Sólo entonces Takako se separó de Tamaki, esbozando una sonrisa de circunstancias al comprender que había llevado su exageración demasiado lejos. Haruhi terminó por suspirar y darse la media vuelta... ¿qué había querido pretender su compañera de piso con todo aquello?

---Fin de Flashback---


-Todo un espectáculo, desde luego...-llegando por fin al apartamento, Haruhi abrió la puerta con las llaves y las dejó a un lado en un mueble que tenían dispuesto para ello, quitándose los zapatos antes de entrar-. Me pregunto si de verdad todos los de Osaka os tenéis que hacer notar así...

-Vamos, Haruhi, compréndeme... ¡un día es un día!-Takako, detrás de ella, se quitaba los zapatos también y entró al apartamento, cerrando la puerta tras de ella y disponiendo sus zapatos debajo de los de su compañera-. Me hacía mucha ilusión poder estar en el Host Club, y es toda una oportunidad poder hablar con su presidente a solas... ¿no estarás celosa?-empezó a esbozar una sonrisita maliciosa, mirando hacia la chica. Ésta dio un bufido.

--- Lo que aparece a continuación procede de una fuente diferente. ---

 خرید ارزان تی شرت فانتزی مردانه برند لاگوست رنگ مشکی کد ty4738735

-¿Y por qué iba a estar celosa de ti? Veo a Tamaki todos los días que tengo que estar con el Host Club... no te envidio en absoluto.

-Ya, bueno... pero parece que estés molesta porque os interrumpí algo...-Takako miró a Haruhi por encima de sus gafas de forma inquisitiva. A ésta le dio un escalofrío. ¿Por qué de repente aquella chica que hasta ahora se había mostrado tan despreocupada como Tamaki... se parecía tanto a Kyouya con ese gesto?

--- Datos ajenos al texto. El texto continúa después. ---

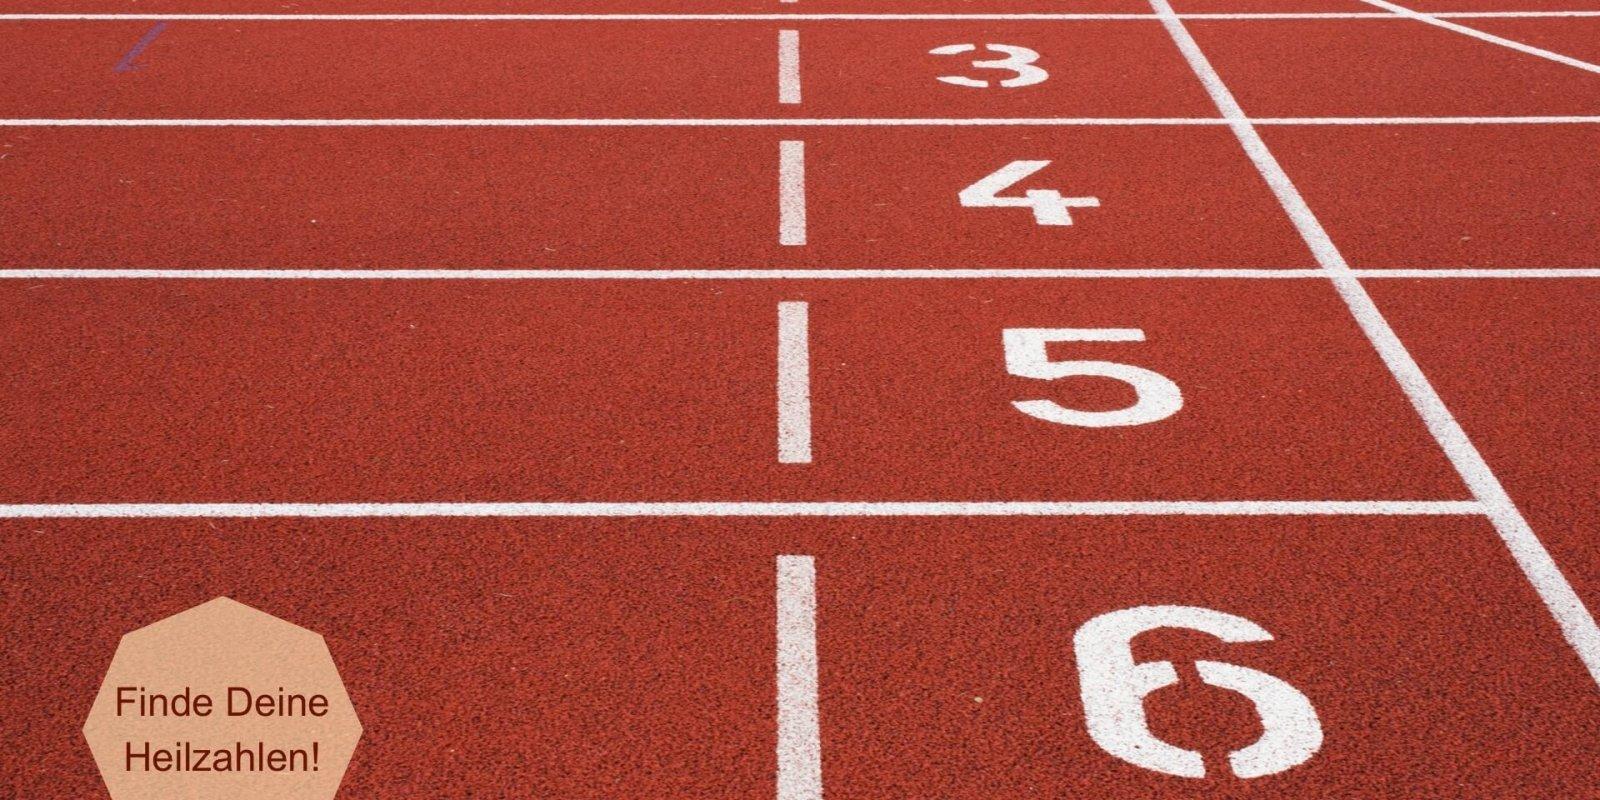 Numerologie: Deine persönlichen Heilzahlen finden, integrieren und durchstarten

-No interrumpiste nada-empezó a ponerse incómoda-. Yo ya me iba cuando tú viniste a asignarle.

-Pero Tamaki-senpai estaba a punto de decirte algo que parecía importante...

-No creo que lo sea tanto. Seguramente querría darme las gracias o algo, porque le dije que había acertado con la fiesta de reapertura...

-¿Y si era otra cosa¿De verdad... no te interesa saberlo? Puedo preguntarlo por ti mañana, si quieres...-la sonrisa de la más mayor se acentuó un poco más, y se acercó hacia ella, subiendose las gafas. Haruhi hizo una mueca. Demonios... ¡ahora es la version femenina de Kyouya-senpai!

-No... no me interesa. Me da lo mismo-tratando de mantener la compostura, la chica Host se dio la media vuelta y se dirigió al dormitorio de ambas-. Creo que me voy a dormir. Estoy muy cansada...-Y tampoco estoy ahora para un interrogatorio... suficiente tengo con Kyouya para soportar a su clon femenino en casa...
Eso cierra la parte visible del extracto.